Proper way of generating initial random vectors for generator model in GAN?


Frequently linear interpolation is used with a Gaussian or uniform prior which has unit variance and zero mean where the size of the vector can be defined in an arbitrary way e.g. 100 to generate initial random vectors for generator model in Generative Adversarial Neural (GAN).

Let's say we have 1000 images for training and batch size is 64. Then each epoch, need to generate a number of random vectors using prior distribution corresponding to each image given small batch. But the problem I see is that since there is no mapping between random vector and corresponding image, the same image can be generated using multiple initial random vectors. In this paper, it suggests overcoming this problem by using different spherical interpolation up to some extent.

So what will happens if initially generate random vectors corresponding to the number of training images and when train the model uses the same random vector which is generated initially?


Solution

  • In GANs the random seed used as input does not actually correspond to any real input image. What GANs actually do is learn a transformation function from a known noise distribution (e.g. Gaussian) to a complex unknown distribution, which is representated by i.i.d. samples (e.g. your training set). What the discriminator in a GAN does is to calculate a divergence (e.g. Wasserstein divergence, KL-divergence, etc.) between the generated data (e.g. transformed gaussian) and the real data (your training data).

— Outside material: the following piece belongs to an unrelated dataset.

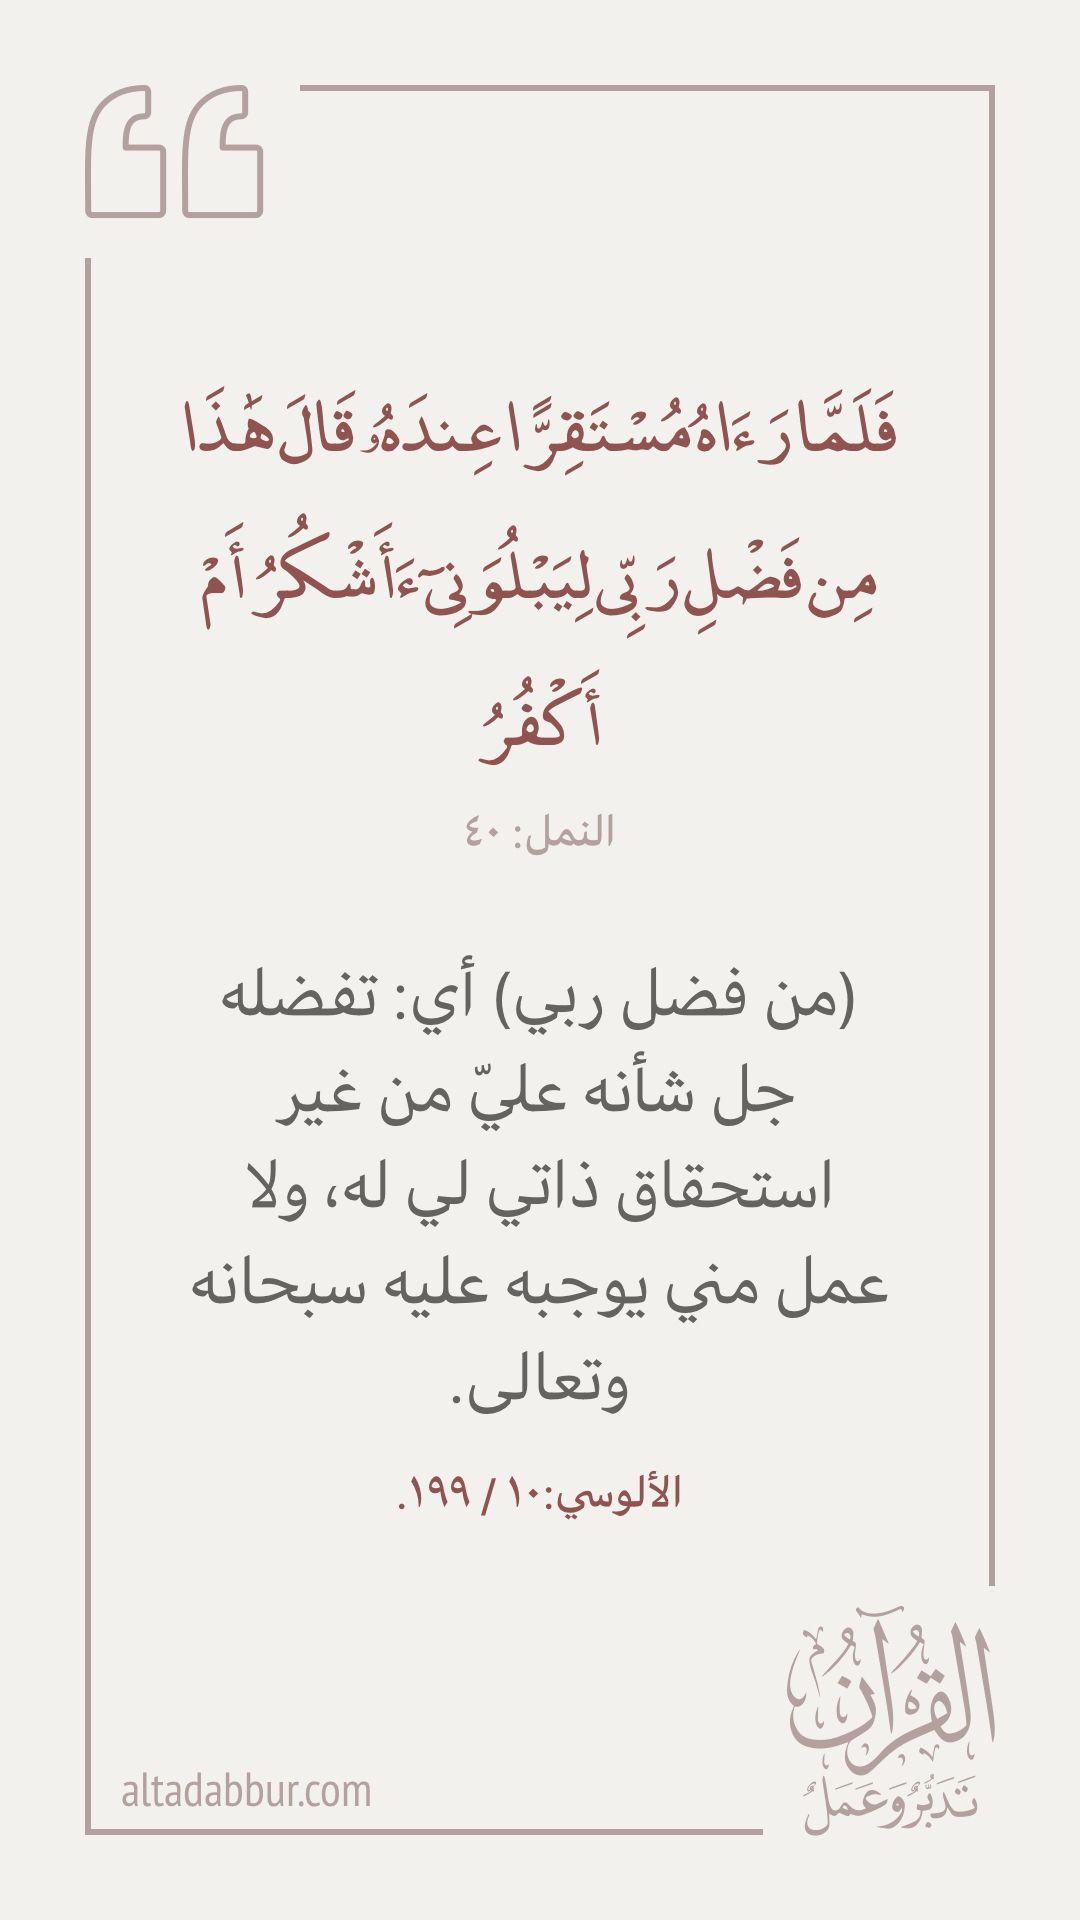 Pin By On قرآن تفسير وتدب ر Short Quotes Love Islamic Phrases Quran Verses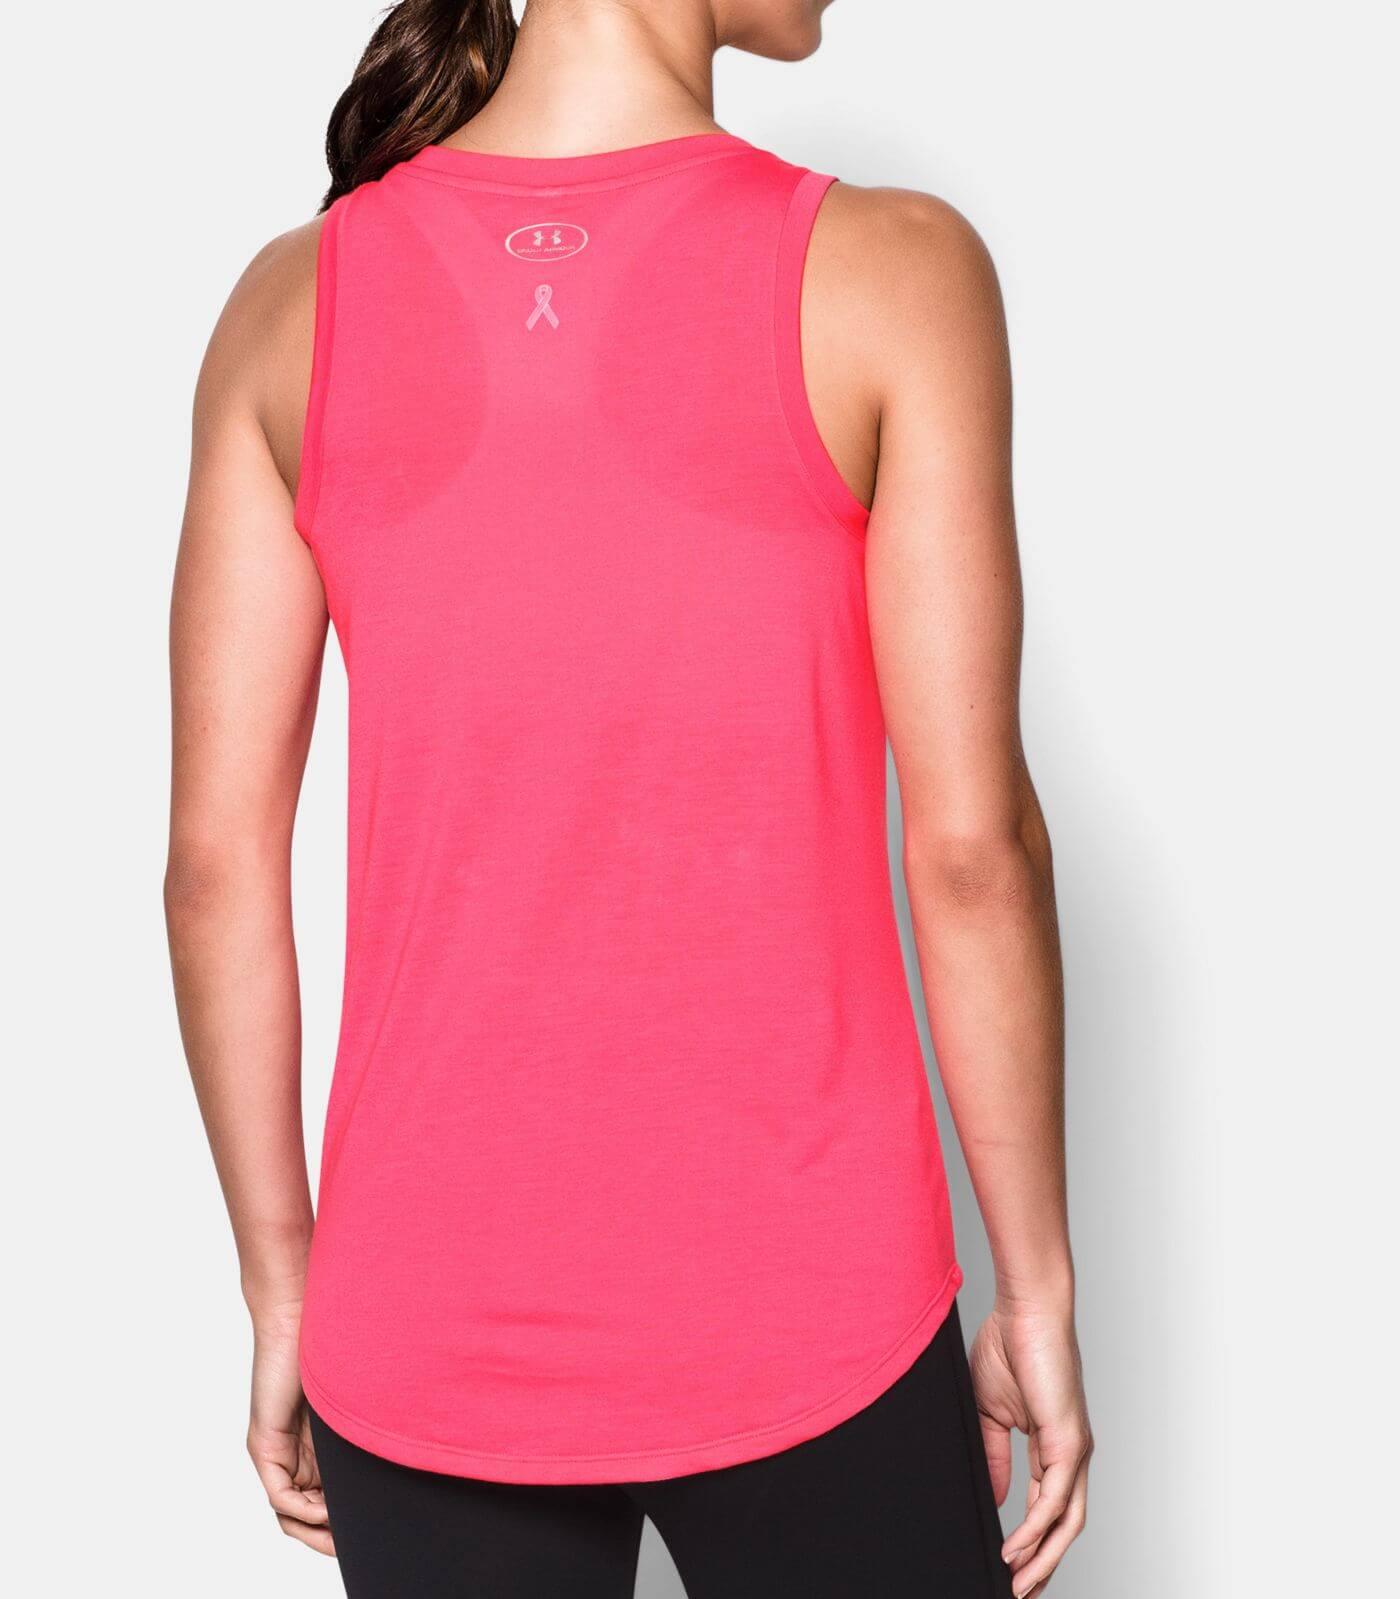 Camiseta Regata Under Armour Power In Pink Outubro Rosa

This is done in a stochastic fashion and therefore no link is neccessary between the real and the fake data. If you want to learn more about this on a hands on example, I can recommend that you train to train a Wasserstein GAN to transform one 1D gaussian distribution into another one. There you can visualize the discriminator and the gradient of the discriminator and really see the dynamics of such a system.

    Anyways, what your paper is trying to tell you is after you have trained your GAN and want to see how it has mapped the generated data from the known noise space to the unknown image space. For this reason interpolation schemes have been invented like the spherical one you are quoting. They also show that the GAN has learned to map some parts of the latent space to key characteristics in images, like smiles. But this has nothing to do with the training of GANs.